Molecules 06 00852 g013

Conclusions

We have found that TiCl4, BCl3 or ZrCl4 and amine promoted Baylis-Hillman reaction is a very efficient reaction system for producing chlorinated compounds 1. The amine compounds are good Lewis bases and TiCl4, BCl3 and ZrCl4 are good Lewis acids for this reaction. The reaction temperatures, the amount of Lewis acid, and the amount of Lewis base can drastically affect the reaction products and reaction rates. The relative activities of different Lewis acids for this reaction are TiCl4 > BCl3 > ZrCl4 and the best combination of Lewis acid and Lewis base for this reaction is TiCl4 (1.4 eq) with NEt3 (0.2 eq). The relative configuration of 1 was not affected by the Lewis acids (TiCl4, BCl3 or ZrCl4) used at all. The reaction was initiated by chloride ion attacking at the Michael acceptor of the α,β-unsaturated ketone. The chloride ion was produced by coordination of Lewis bases (NEt3) to Lewis acids such as TiCl4, BCl3, and ZrCl4. Undoubtedly compound 3 was derived mainly from 1. Efforts are underway to elucidate the full mechanistic details of this reaction and to disclose the scope and limitations of this reaction. Work along this line are currently in progress.

Experimental Section

General

Melting points are uncorrected. 1H- and 13C-NMR spectra were recorded on a Bruker AMX-300 spectrometer at 300 MHz and 75 MHz, respectively. Mass spectra were recorded by the EI method and HRMS was measured by a Finnigan MA+ mass spectrometer. Organic solvents used were dried by standard methods when necessary. All solid compounds reported in this paper gave satisfactory CHN microanalyses. Commercially obtained reagents were used without further purification. All reactions were monitored by TLC with Huanghai GF254 silica gel coated plates. Flash Column Chromatography was carried out using 300-400 mesh silica gel at increased pressure.

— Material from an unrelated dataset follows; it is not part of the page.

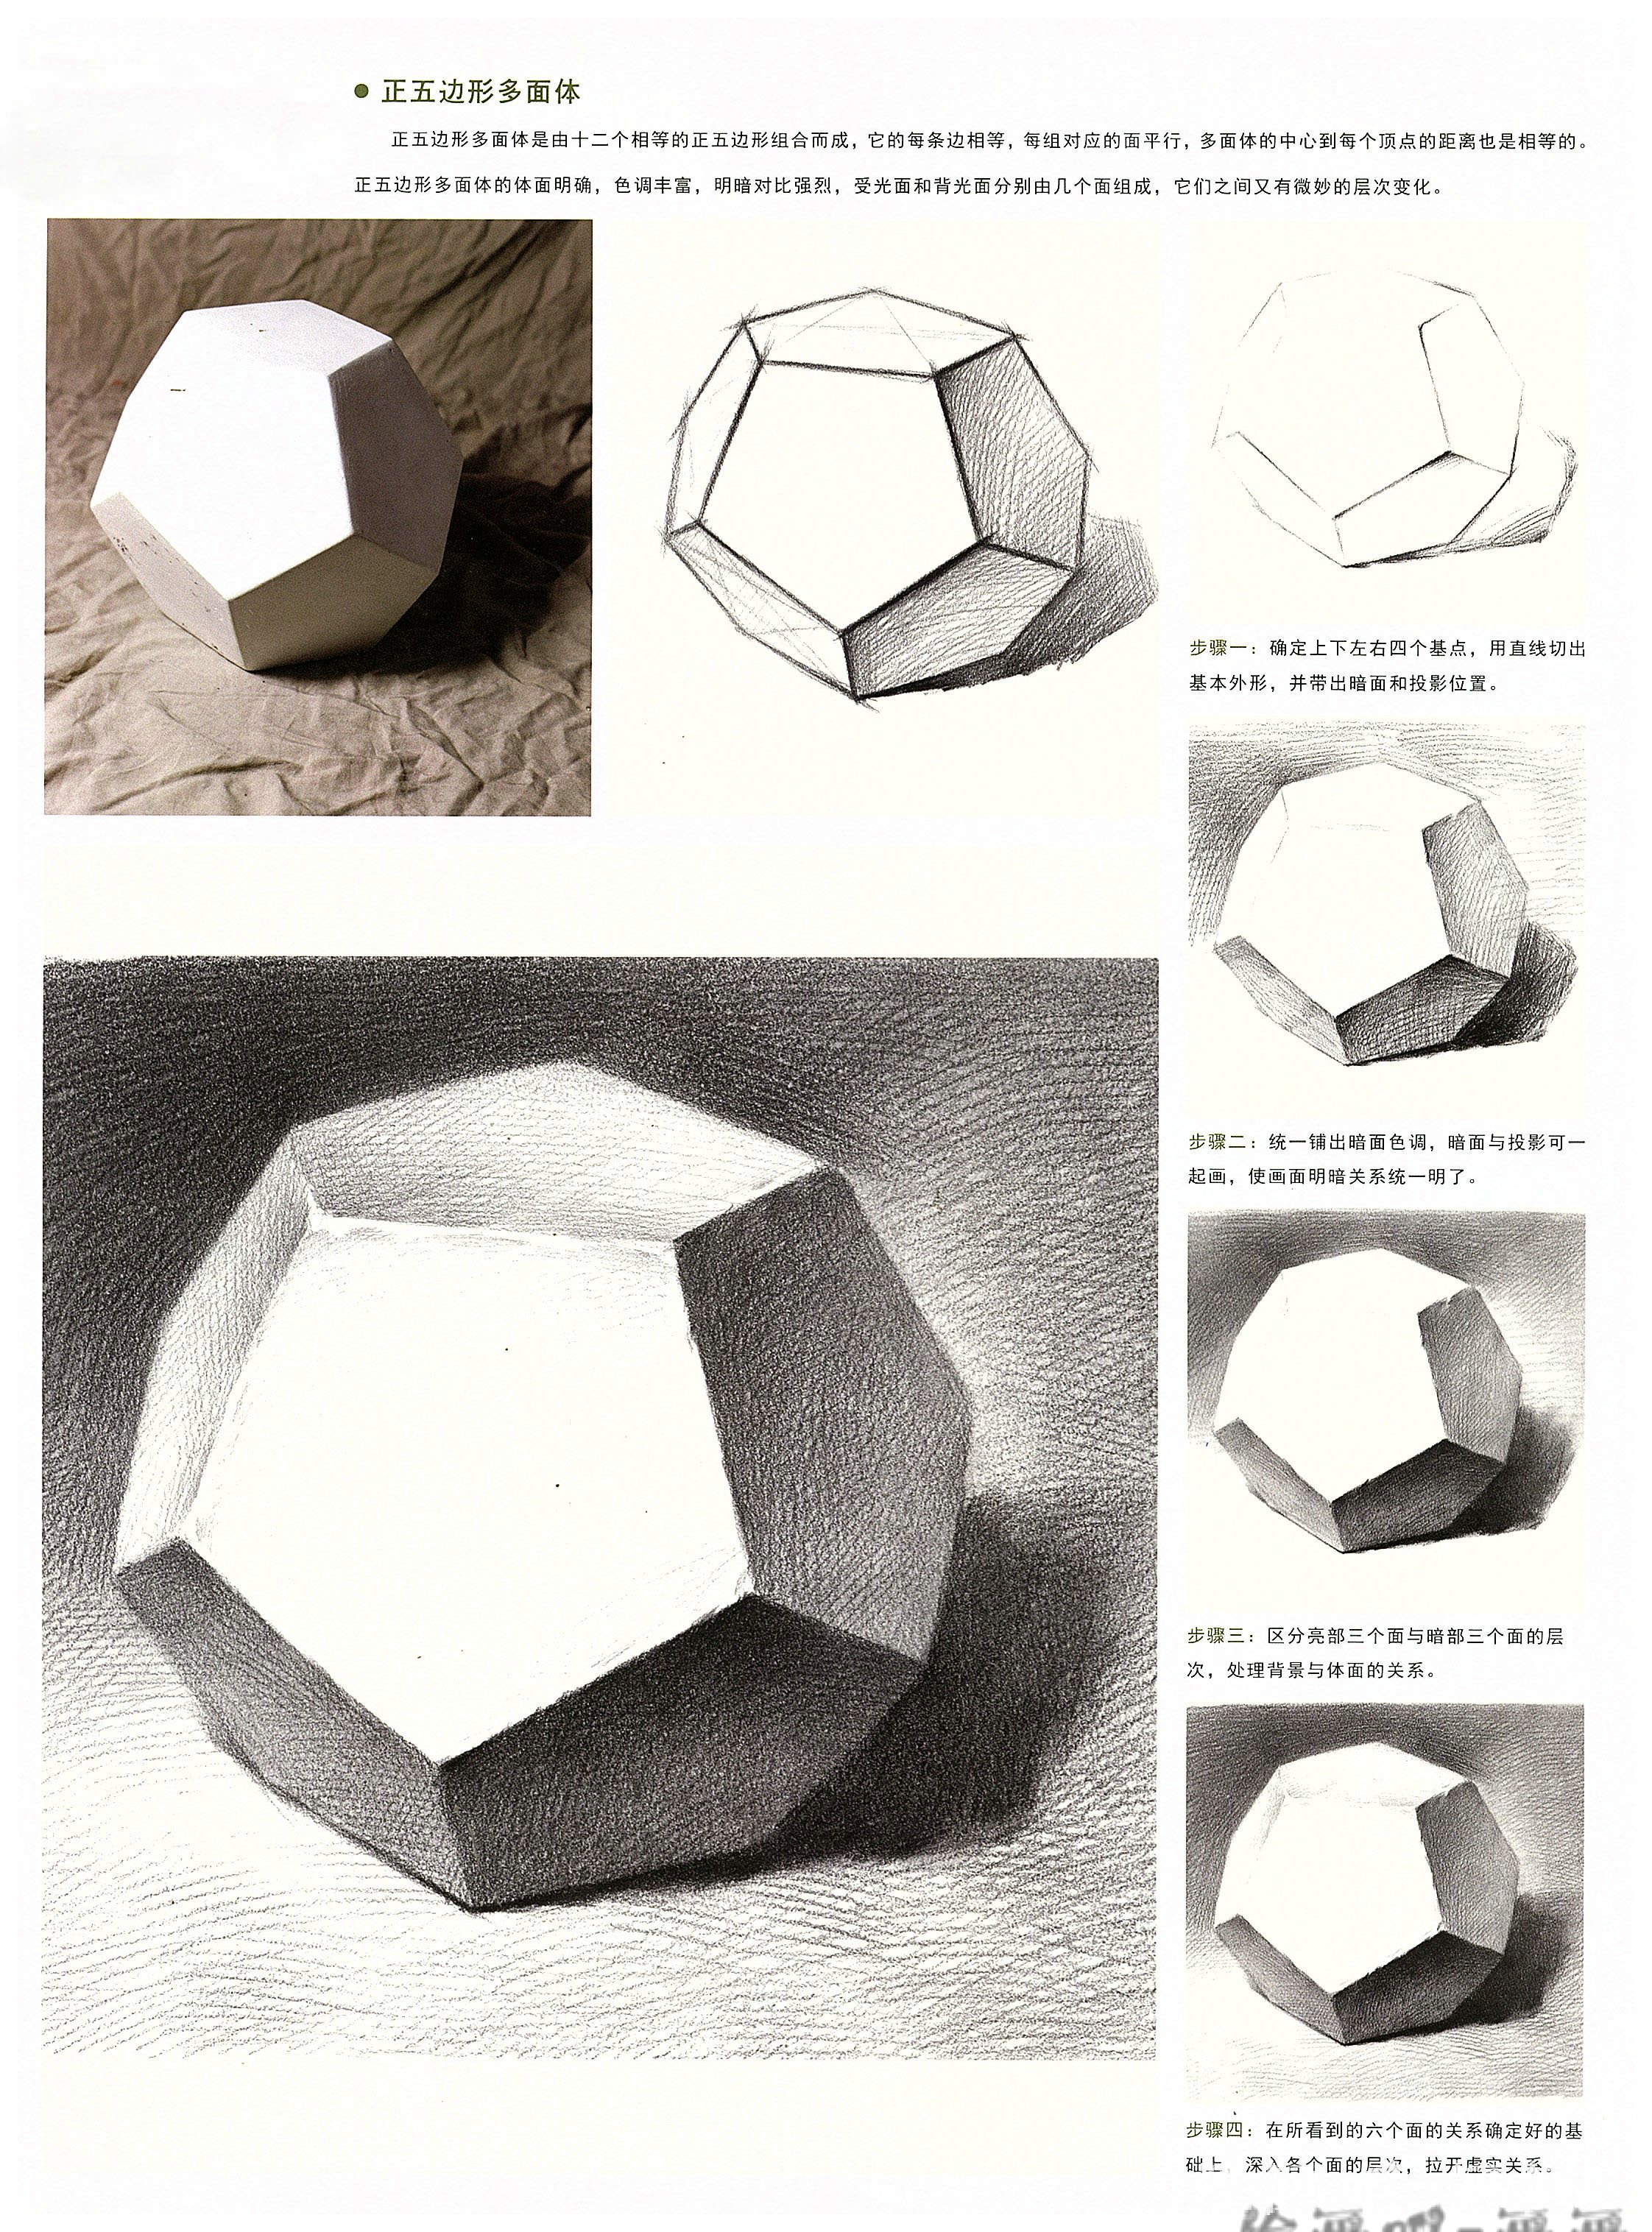 十二面体 正五边形多面体画法分析 特点讲解

Typical procedure for the preparation of compounds 1a-h and 2a: 3-(Chloromethyl)-4-hydroxy-4-(4'-nitrophenyl)-2-butanone (1a).

To a solution of triethylamine (10.1 mg, 0.1mmol, 14.0 μL) in CH2Cl2(1.3 mL) was added titanium tetrachloride (0.7 mL, 0.7 mmol) at -78 oC. After stirring for 5 min, a solution of p-nitrobenzaldehyde (75.5 mg, 0.5 mmol) in CH2Cl2 (1.0 mL) and methyl vinyl ketone (105.0 mg, 1.5 mmol, 123.0 μL) were added into the reaction solution at -78 oC, respectively. The reaction mixture was kept for 12 h at -78 oC. The reaction was quenched by addition of saturated aqueous NaHCO3 solution (1.0 mL). After filtration, the filtrate was extracted with CH2Cl2 (5.0 mL x 2) and dried over anhydrous MgSO4. The solvent was removed under reduced pressure and the residue was purified by a flash chromatography (silicagel, eluent 1:4 ethyl acetate/petroleum ether) to give compound 1a (105.0 mg, 81%) as a colorless solid, mp 90-91 oC; IR (KBr) ν 1720 cm-1; 1H-NMR (CDCl3, 300 MHz): δ 2.20 (3H, s, Me), 2.93 (1H, br. s, OH), 3.22-3.38 (1H, m), 3.67 (1H, dd, J 11.3, 4.0 Hz), 3.89 (1H, dd, J 11.3, 9.2 Hz), 5.11 (1H, d, J 5.6 Hz), 7.56 (2H, d, J 8.6 Hz, Ar), 8.25 (2H, d, J 8.6 Hz, Ar); MS (EI) m/e 258 (MH+, 0.60), 208 (M+-49, 60), 71(M+-186, 100); Anal. Found: C, 51.64; H, 4.94; N, 5.35%. C11H12ClNO4 requires C, 51.27; H, 4.69; N, 5.44%.

3-(Chloromethyl)-4-hydroxy-4-(3'-nitrophenyl)-2-butanone (1b).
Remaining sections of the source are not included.